Продолжая бубнить о кренах, лобовом сопротивлении, углах встречи, Эдуард соединил ниткой концы реечек — «ушки», бумажный лист чуть прогнулся.
— Готово, — Эдуард отбежал, натянул нитку.
— На, сосед, пробуй, — сказал Корчанов и подал Натальину змея.
— Пап, дайте мне, — жалобно захныкал Борька.
— Погоди, Боря, тут не до тебя, — строго пробасил Корчанов и мужчины рассмеялись.
Борька поднял змея над головой. Со всех сторон сыпались последние советы. Каждому нашлось, что вспомнить и сказать. Все с ласковым одобрением и светлой завистью смотрели на Борьку.
— Поше-ел! Вира! — крикнул Корчанов.
Змей вымахнул из Борькиных рук, нырнул к земле, а затем легко и ровно стал набирать высоту. На уровне крыш он вдруг засуетился, заметался, придавленный сверху какой-то неведомой, силой.
— Беги! — панически-радостно крикнули Эдуарду мужчины.
Мелко семеня длинными ногами, Эдуард припустился по двору. Его скорость передалась по нитке змею, тот рывком взмыл над крышами и, быстро уменьшаясь, понесся в солнечную синь.

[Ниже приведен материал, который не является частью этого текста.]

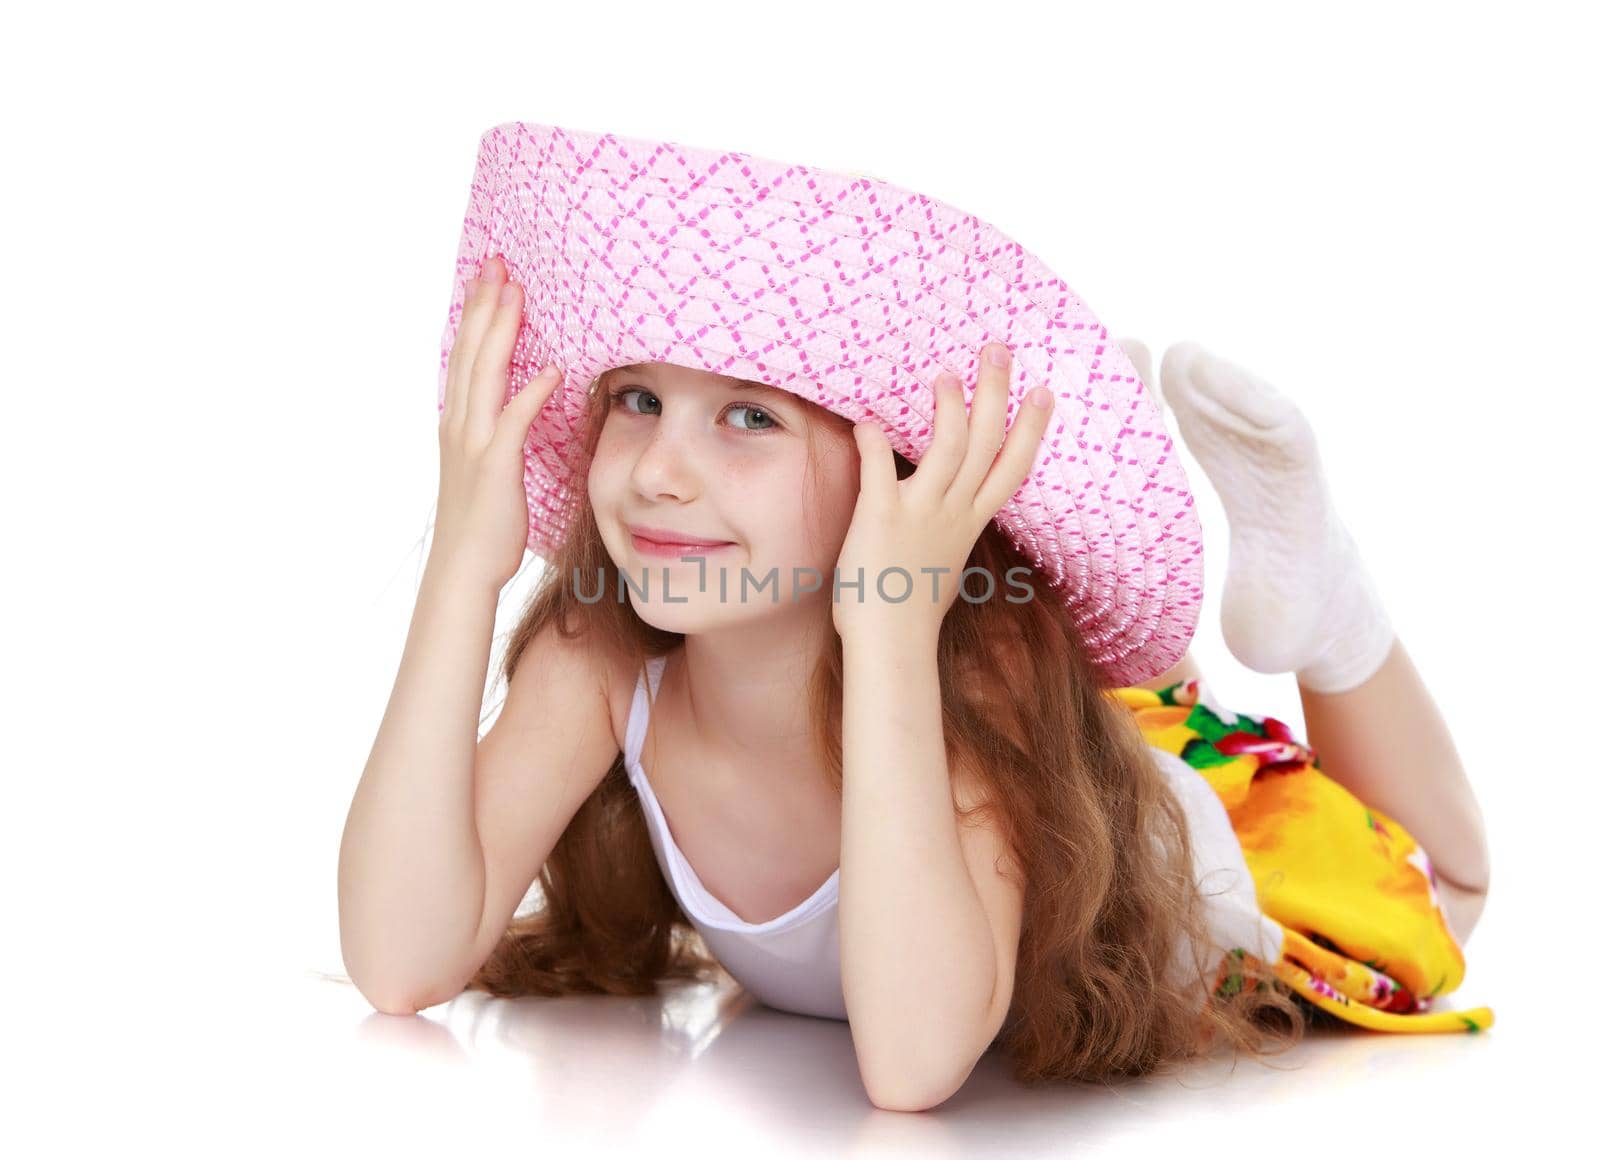 The girl in the pink hat by kolesnikov_studio

Эдуард приостановился, тихонько зашагал увлекаемый ниткой. Следом потянулись остальные. От угла крайнего дома стлался зеленый пустырь с траншеями и котлованами новостройки. Пахло теплой глиной, бетоном, смолой, сухую свежесть нес с далекого степного горизонта ветерок. Здесь он дул ровно и мягко. Змей делал плавные, размашистые росчерки на огромном, внезапно обнажившемся до самой земли небосводе. Тут ему было хорошо, свободно, словно прежний, домами стиснутый квадрат неба был мал и неудобен для этих вольных виражей.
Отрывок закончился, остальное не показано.